The opinion of the court was delivered by: Hon. Jay C. Gandhi United States Magistrate Judge



On May 3, 2010, plaintiff Jacqueline L. Costa ("Plaintiff") filed a complaint against defendant Michael J. Astrue ("Defendant"), the Commissioner of the Social Security Administration, seeking review of a denial of disability insurance benefits ("DIB"). [Docket No. 1.]

On November 30, 2010, Defendant filed his answer, along with a certified copy of the administrative record. [Docket Nos. 12, 13, 14, 15.]

In sum, having carefully studied, inter alia, the parties' joint stipulation and the administrative record, the Court concludes that, as detailed below, there is substantial evidence in the record, taken as a whole, to support the decision of the Administrative Law Judge ("ALJ"). Thus, the Court affirms the Commissioner's decision denying benefits.
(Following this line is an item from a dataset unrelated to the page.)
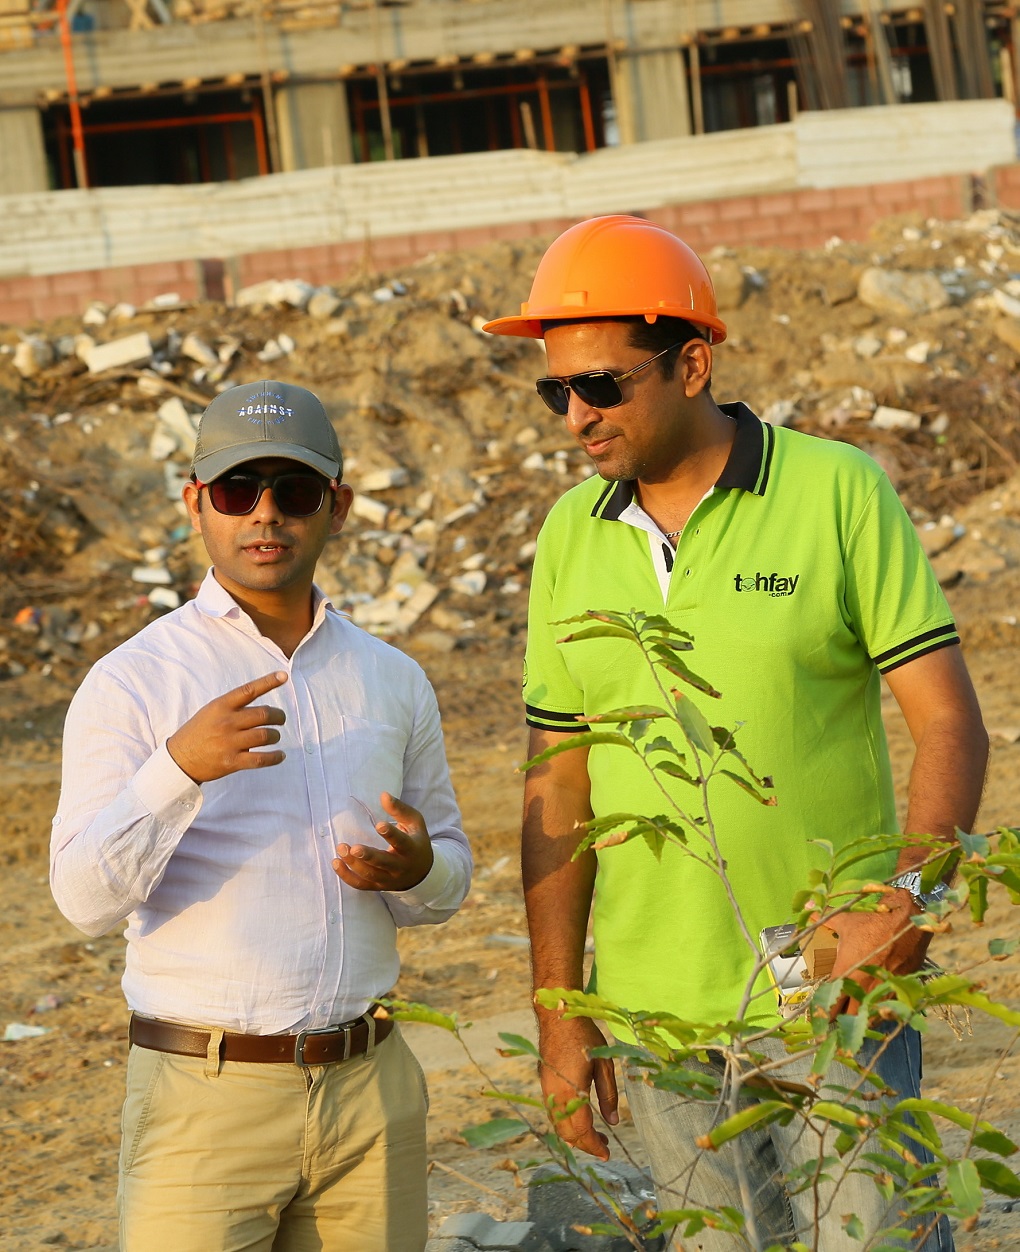 Shubendhu Sharma (left) and Shahzad Qureshi (right) discussing the design of the urban forest to be created in Karachi [image by: Urban Forest]

Plaintiff, who was 47 years old on the date of her most recent administrative hearing, has completed high school, certification as a workers' compensation specialist, and medical assistant and phlebotomy training. (See Administrative Record ("AR") at 77, 599, 608, 617.)
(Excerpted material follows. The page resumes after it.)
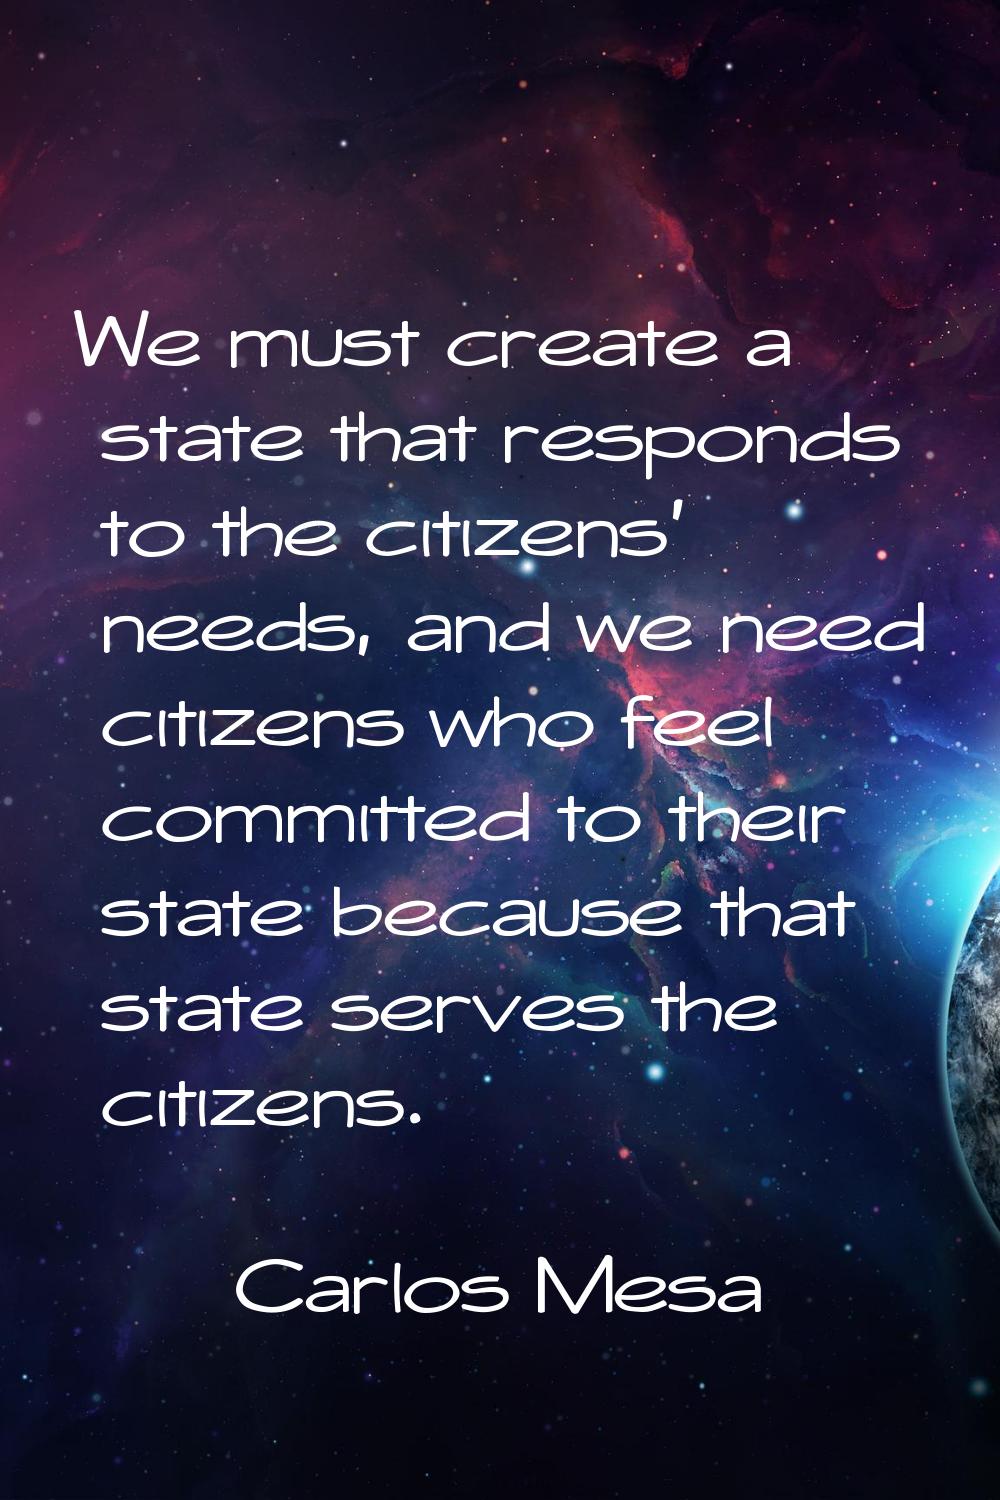 We must create a state that responds to the citizens' needs, and we need citizens who feel committe

On July 9, 2003 and September 23, 2004, Plaintiff filed for DIB, alleging that she has been disabled since October 20, 2000 due to bilateral carpal tunnel syndrome, irritable bowel syndrome, fibromyalgia, epicondylitis, tendonitis, glucose intolerance, pain, depression, and insomnia. (See AR at 42, 43, 44, 45, 46, 58, 65, 74, 77, 81-82.)

On October 10, 2007, Plaintiff, represented by counsel, appeared and testified at a hearing before an ALJ. (See AR at 608-28.) The ALJ also heard testimony from Sandra Fioretti, a vocational expert ("VE"). (Id.)

On October 26, 2007, the ALJ denied Plaintiff's request for benefits. (AR at 12-22.) Applying the well-known five-step sequential evaluation process, the ALJ found, at step one, that Plaintiff has not engaged in substantial gainful activity since her alleged onset date. (Id. at 14.)

At step two, the ALJ found that Plaintiff suffers from severe impairments consisting of "status post bilateral carpal tunnel releases, cervical disc syndrome with radiculopathy, mood disorder [not otherwise specified], mixed personality traits, primarily histrionic features." (AR at 14 (emphasis omitted).)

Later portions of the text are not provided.